#### Task directions:
Your output should be the lines below from the one with "peanuts in a brown bowl" through the one with "strap mattress to truck bed", copied exactly, pictures excluded.

#### Records to process:

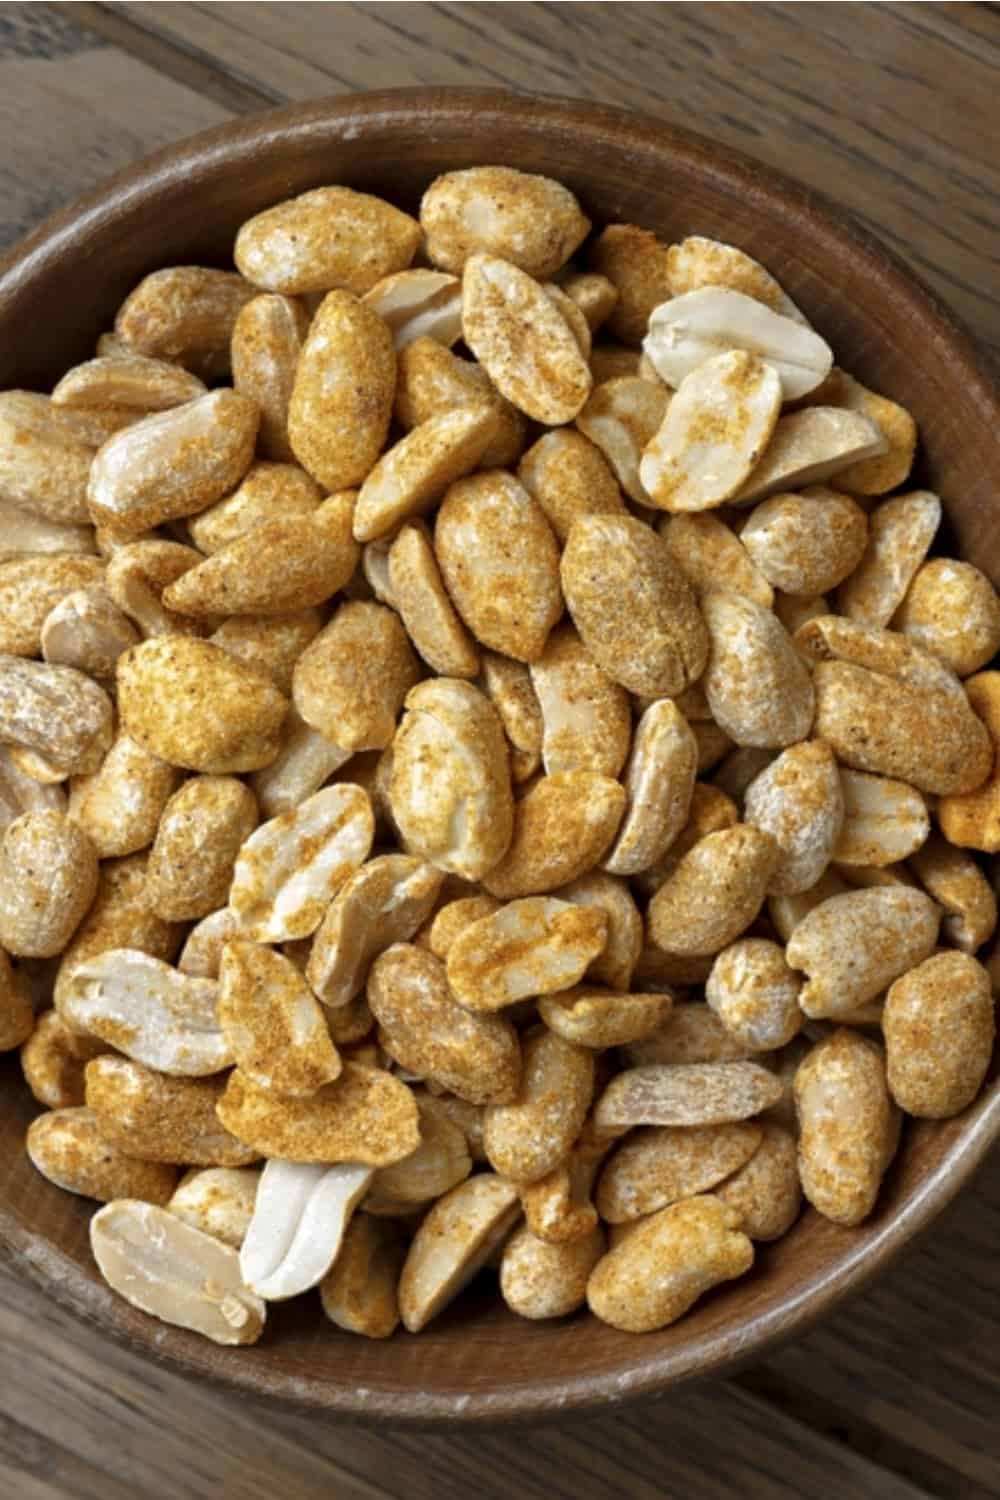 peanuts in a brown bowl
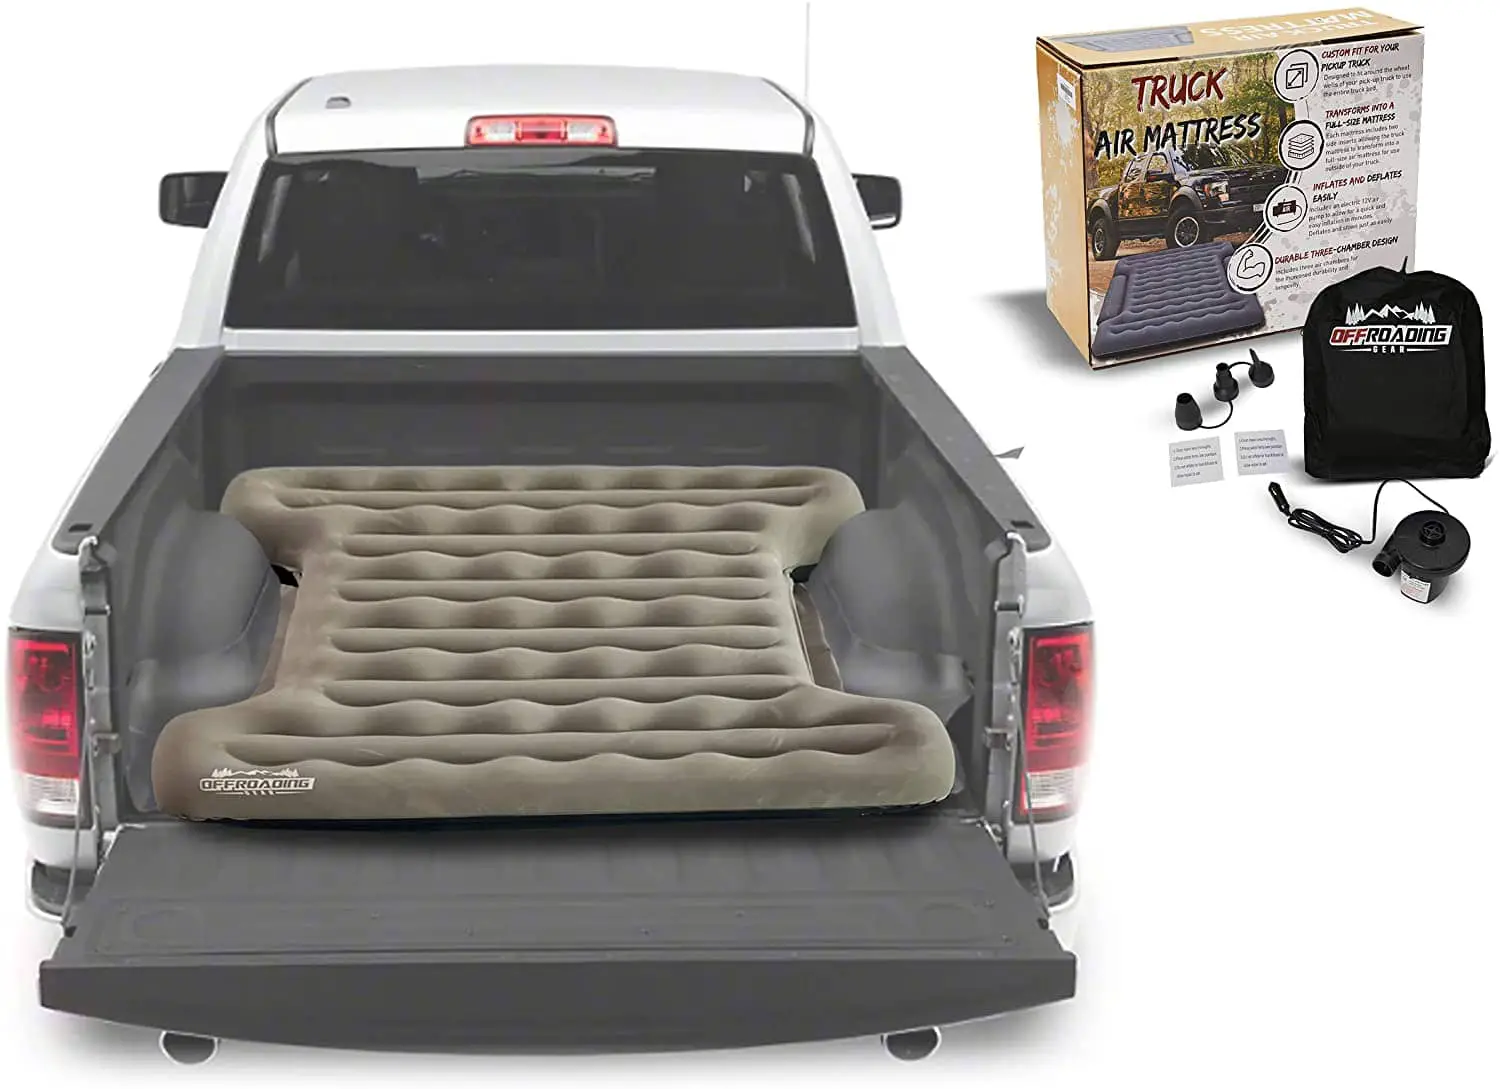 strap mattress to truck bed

==

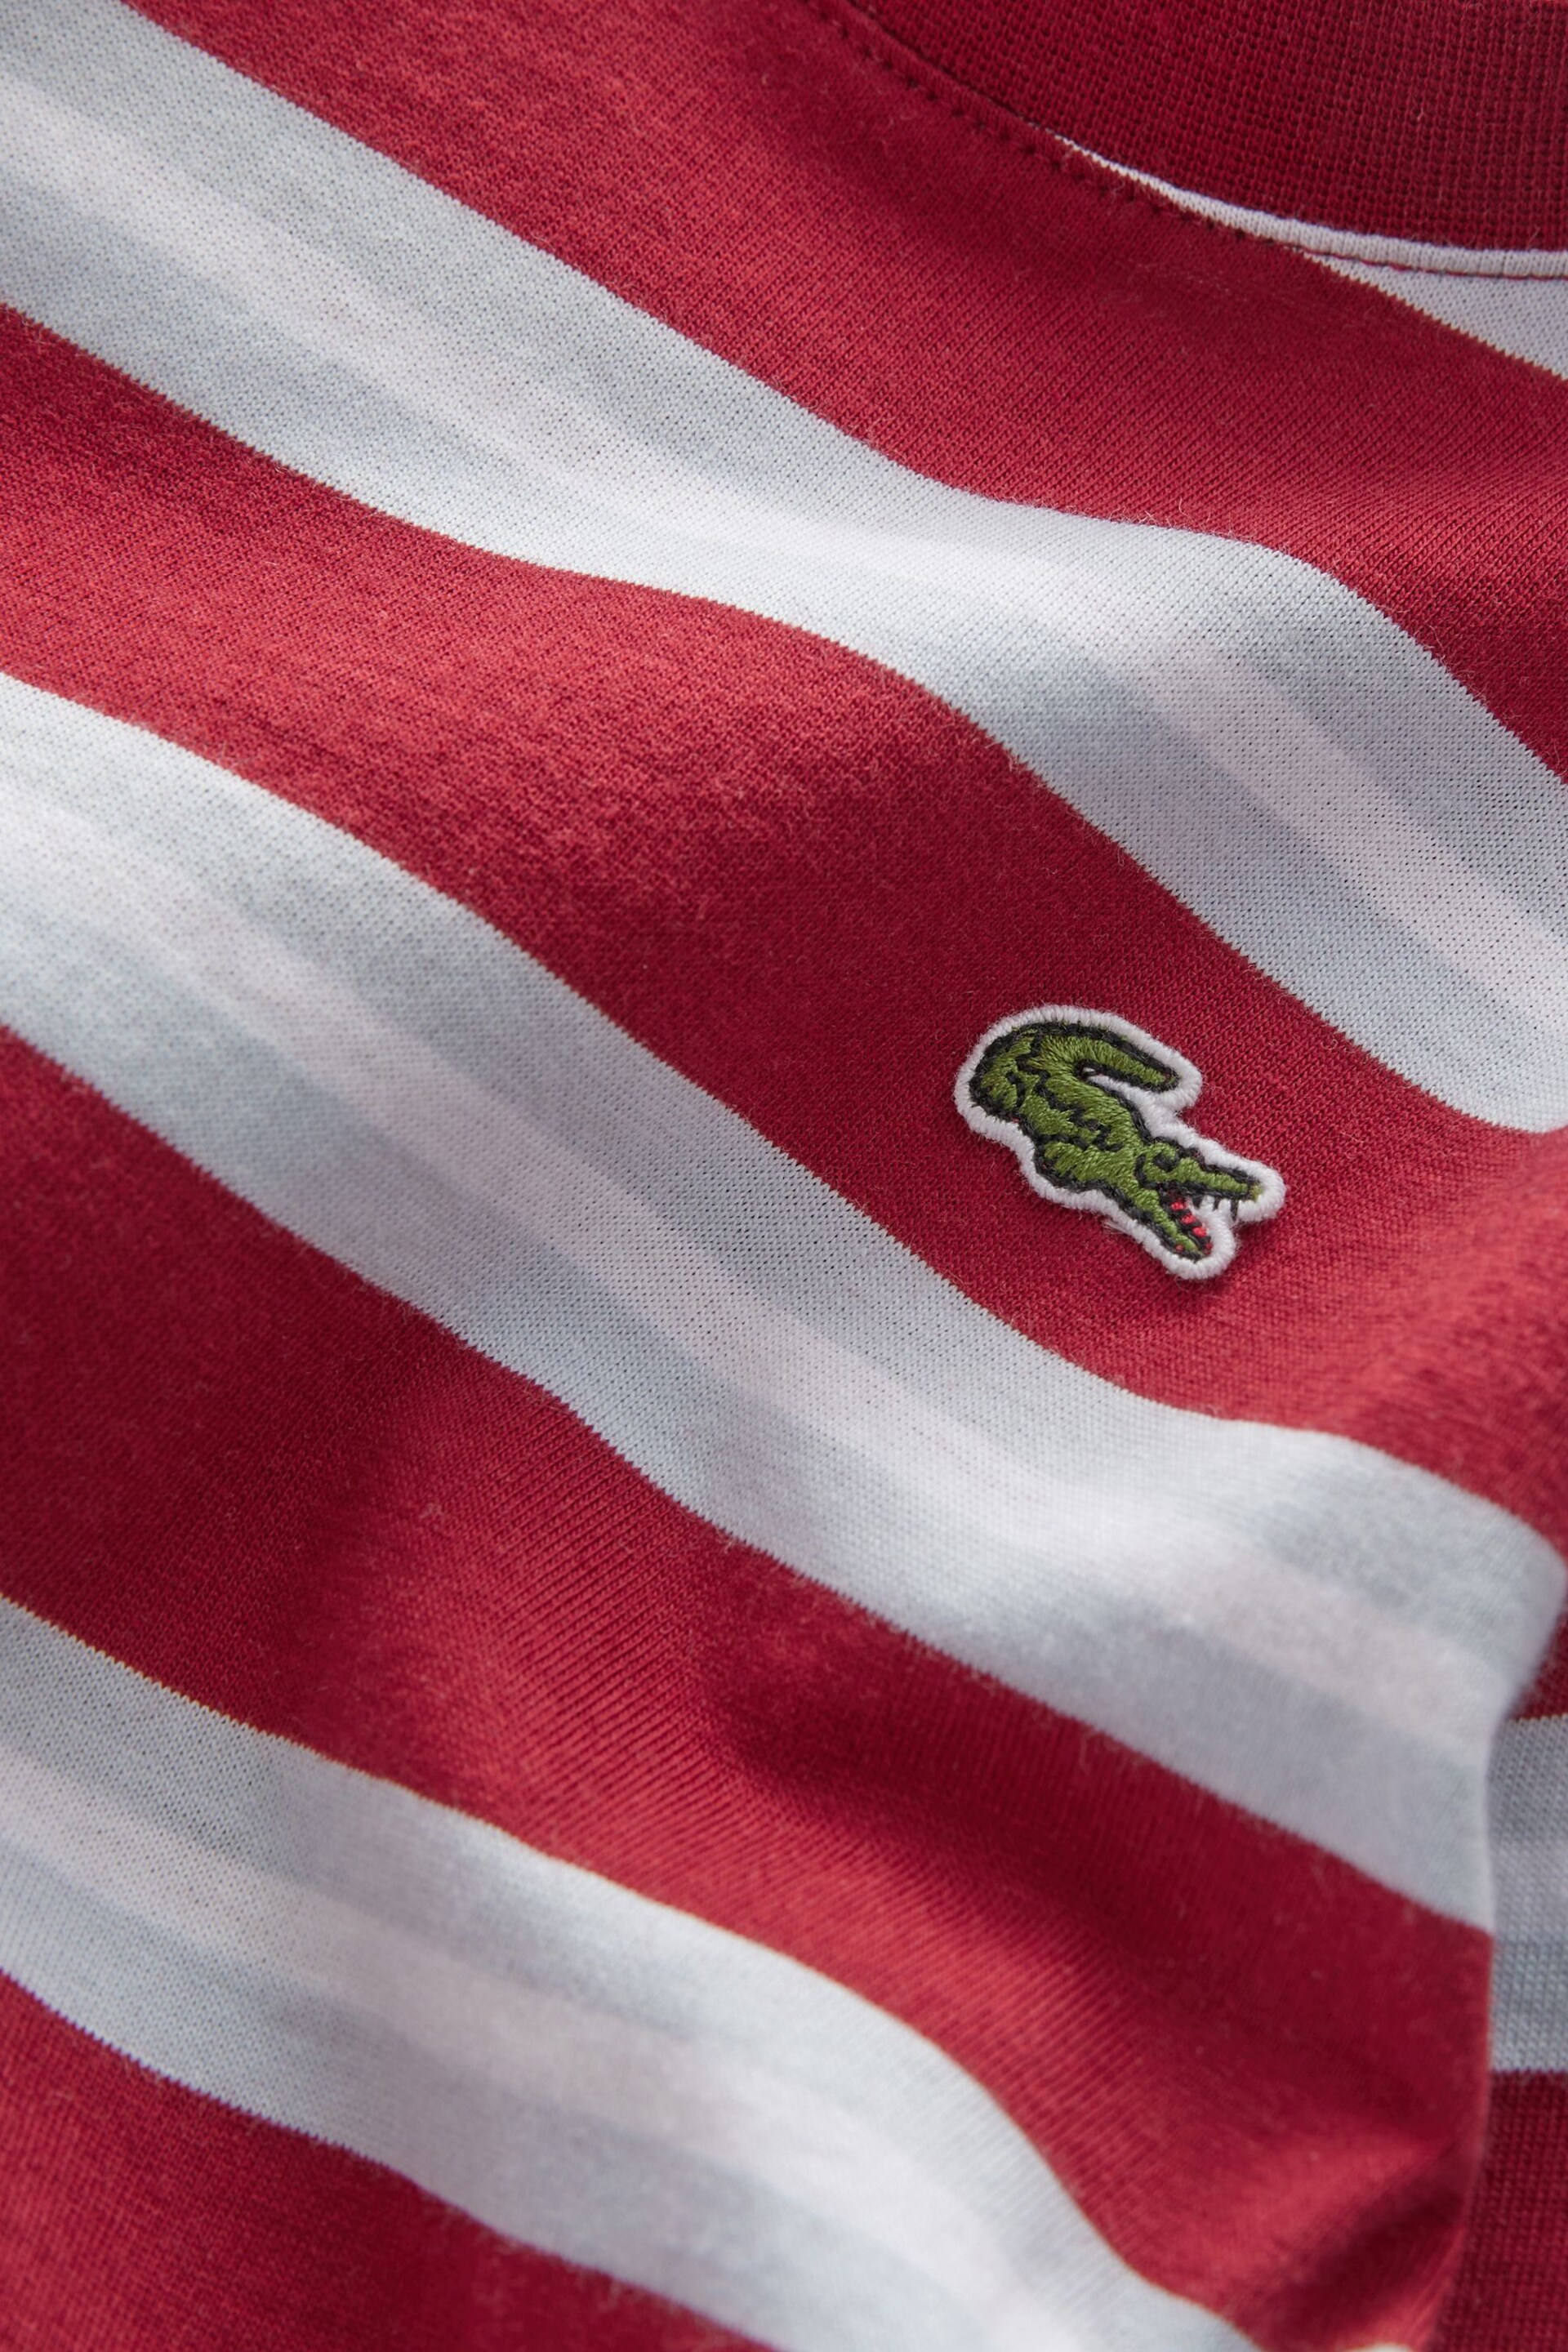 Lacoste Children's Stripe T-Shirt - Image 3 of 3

#### Written reply:
 peanuts in a brown bowl
 strap mattress to truck bed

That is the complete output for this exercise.